Radioactive ^99mTc^I complexes were prepared in a sequential manner analogous to Re^I analogs and analyzed by comparative UV/radio-HPLC (Figure 2 (4), Figure S1 (pic)). Complexation of fac-[^99mTc^I(OH₂)₃(CO)₃]⁺ with NO bidentate ligands, pic (1×10⁻³ M) or 4 (5×10⁻³ M), was achieved by heating at 90 °C or 50 °C for 1 h to give fac-[^99mTc^I(OH₂)(CO)₃(L)], L= pic (1a), 4 (5a), in quantitative yields (>98%). Addition of PPh₃ (10⁻³ M) to 1a or 5a at 60 °C for 1 h afforded the 2+1 product fac-[^99mTc^I(CO)₃(PPh₃)(L)], L= pic (2a), 4 (6a),, in 93% and 81% yield, respectively. Increasing reaction temperature (>90 °C) for 1 h led to the quantitative formation of the 2+1+1 complex fac-[^99mTc^I(CO)₂(PPh₃)₂(L)], L= pic (3a), 4 (7a). At intermediate temperatures (60–90 °C), peaks for both bi- and tricarbonyl complexes were observed in the chromatograms. While a mixture of bi- and tricarbonyl complexes is not ideal for radiopharmaceutical applications, temperature control can be utilized for selective complex formation to yield either the 2+1 tricarbonyl complex at low temperatures or the 2+1+1 bicarbonyl complex at high temperatures. Further optimization of reaction conditions ([PR₃], reaction time, temperature) can also be used to mitigate mixed complexes in a single sample.

Figure 2.

Normalized and offset UV and radio- HPLC chromatograms of 6 (t_R = 22.3 min), 6a (t_R = 22.5 min), 7 (t_R = 22.9 min) and 7a (t_R = 23.2 min).

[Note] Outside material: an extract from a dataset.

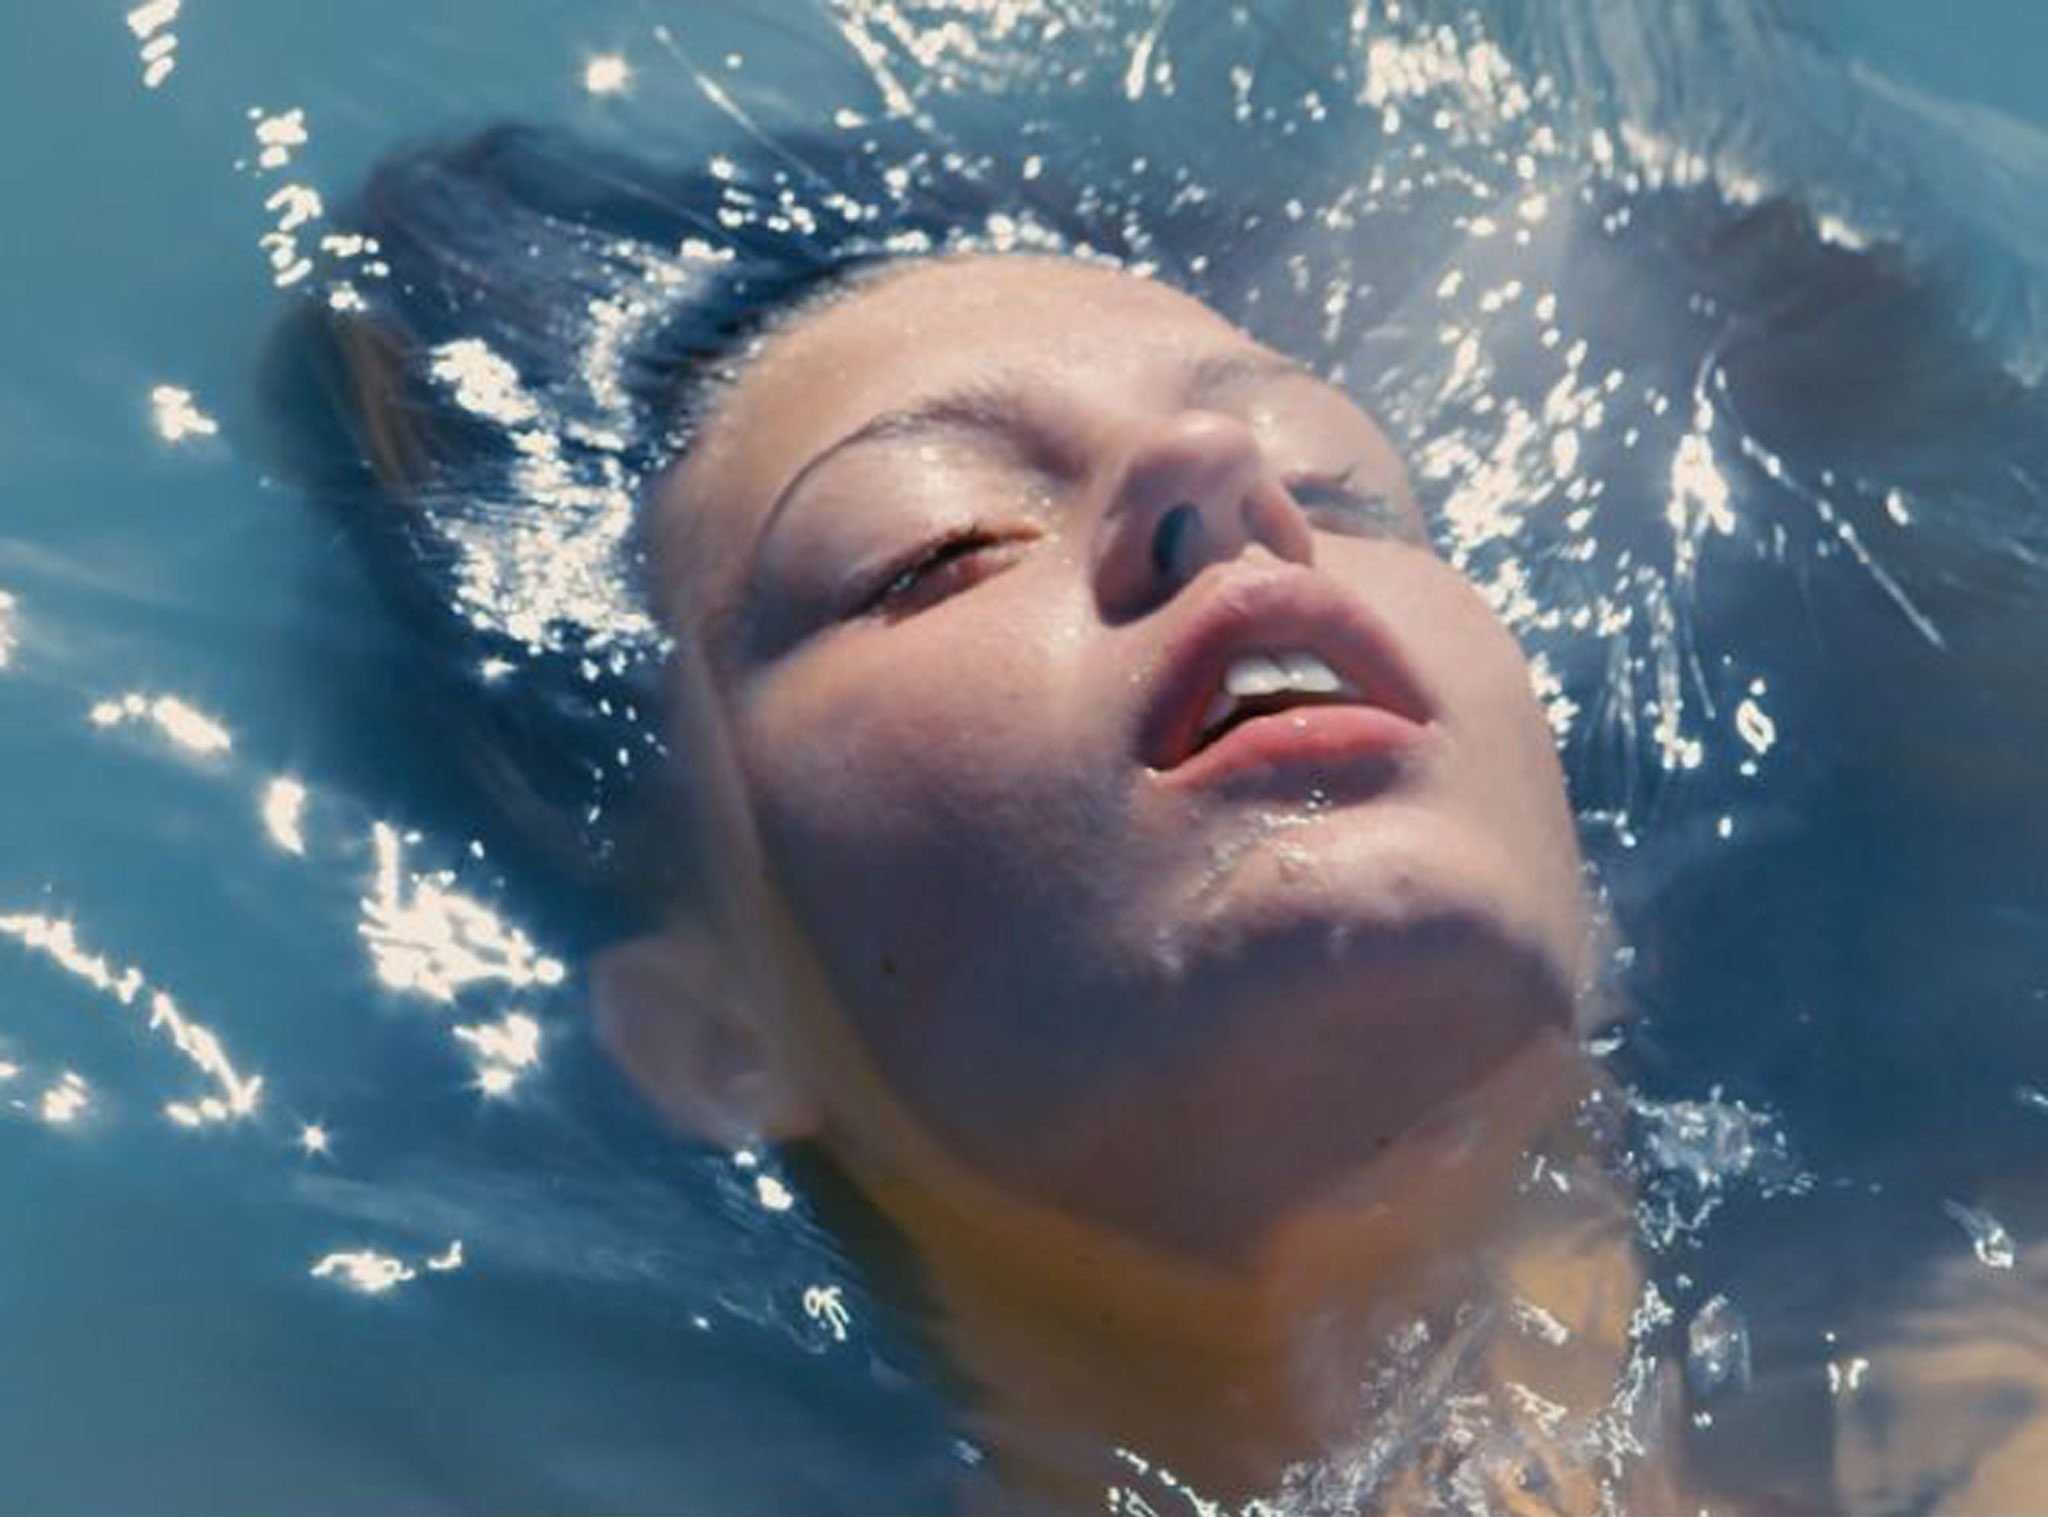 Blue Film Adele Video - Blue is the Warmest Colour: More than the sum of its parts | The ...
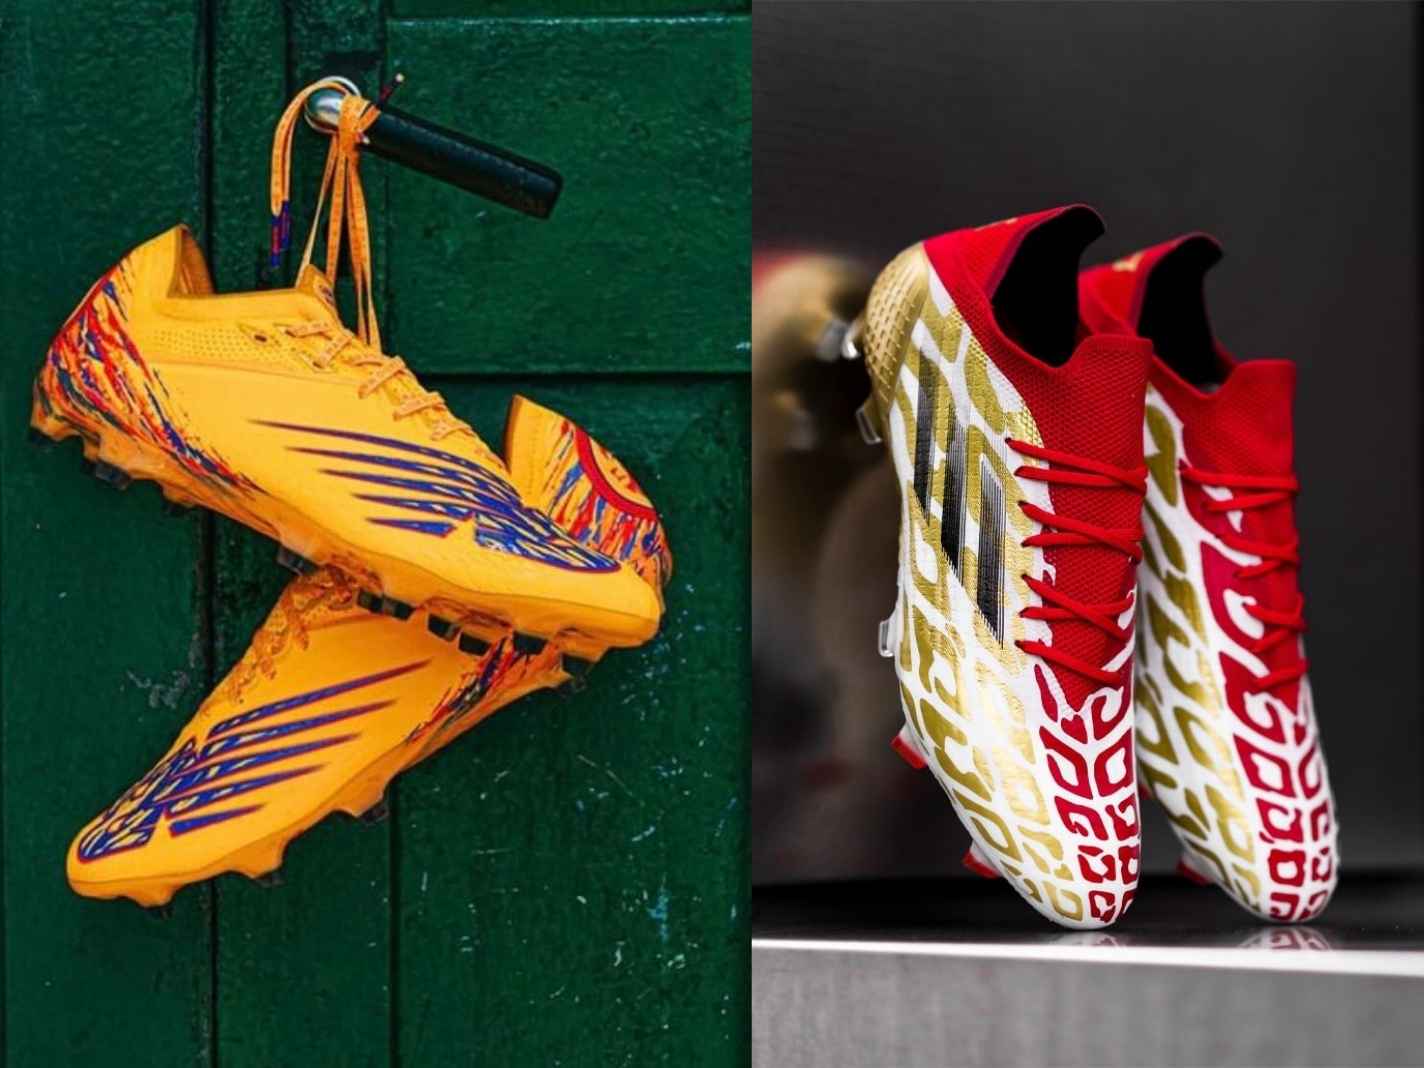 The signature boots Sadio Mane and Mo Salah are about to unleash at AFCON

Log P analysis of the RP-HPLC purified ^99mTc complexes (1a–3a, 5a–7a) indicated they were all moderately lipophilic (log P = 0.8–1.4) with slight increases in lipophilicity as each PPh₃ ligand was incorporated in the complex (ESI Table S1). Transchelation stability studies were conducted with RP-HPLC purified 2a, 3a, 6a, and 7a in the presence of cysteine or histidine (1 mM) at 37 °C and pH 7.4 (ESI Table S2). At 4 h, all complexes were found to be >99% stable. At 18 h, 2a, 3a, and 7a were >99% stable under both conditions. However, 6a exhibited 95% stability with histidine and nearly complete loss (5% remaining) with cysteine suggesting dissociation or steric interactions may impact the overall stability of 2+1 complexes. Similar results were recently observed with bicarbonyl acetylacetone Re/^99mTc complexes.^10d

In conclusion, NO bidentate ligands (i.e., pic or CuAAC product, 4) can be used in conjunction with monodentate phosphine ligands to generate 2+1 fac-[M^I(CO)₃]⁺ and 2+1+1 cis-[M^I(CO)₂]⁺ complexes in macroscale (Re) and radiochemical (^99mTc) concentrations. Temperature control was essential to selectively prepare each species, where higher temperatures formed the bicarbonyl complex exclusively. In general, the ^99mTc bi- and tricarbonyl complexes displayed excellent in vitro stability towards transchelation. The bicarbonyl 2+1+1 complex with 4 appeared to have increased stability over the 2+1 complex suggesting phosphine ligands contribute to destabilization of the trans metal carbonyl bond. These results indicate the first successful combination of the versatile CuAAC and multi-ligand strategies to generate highly stable, multi-component and customizable complexes from the fac-[M^I(CO)₃]⁺ core for radiopharmaceutical applications.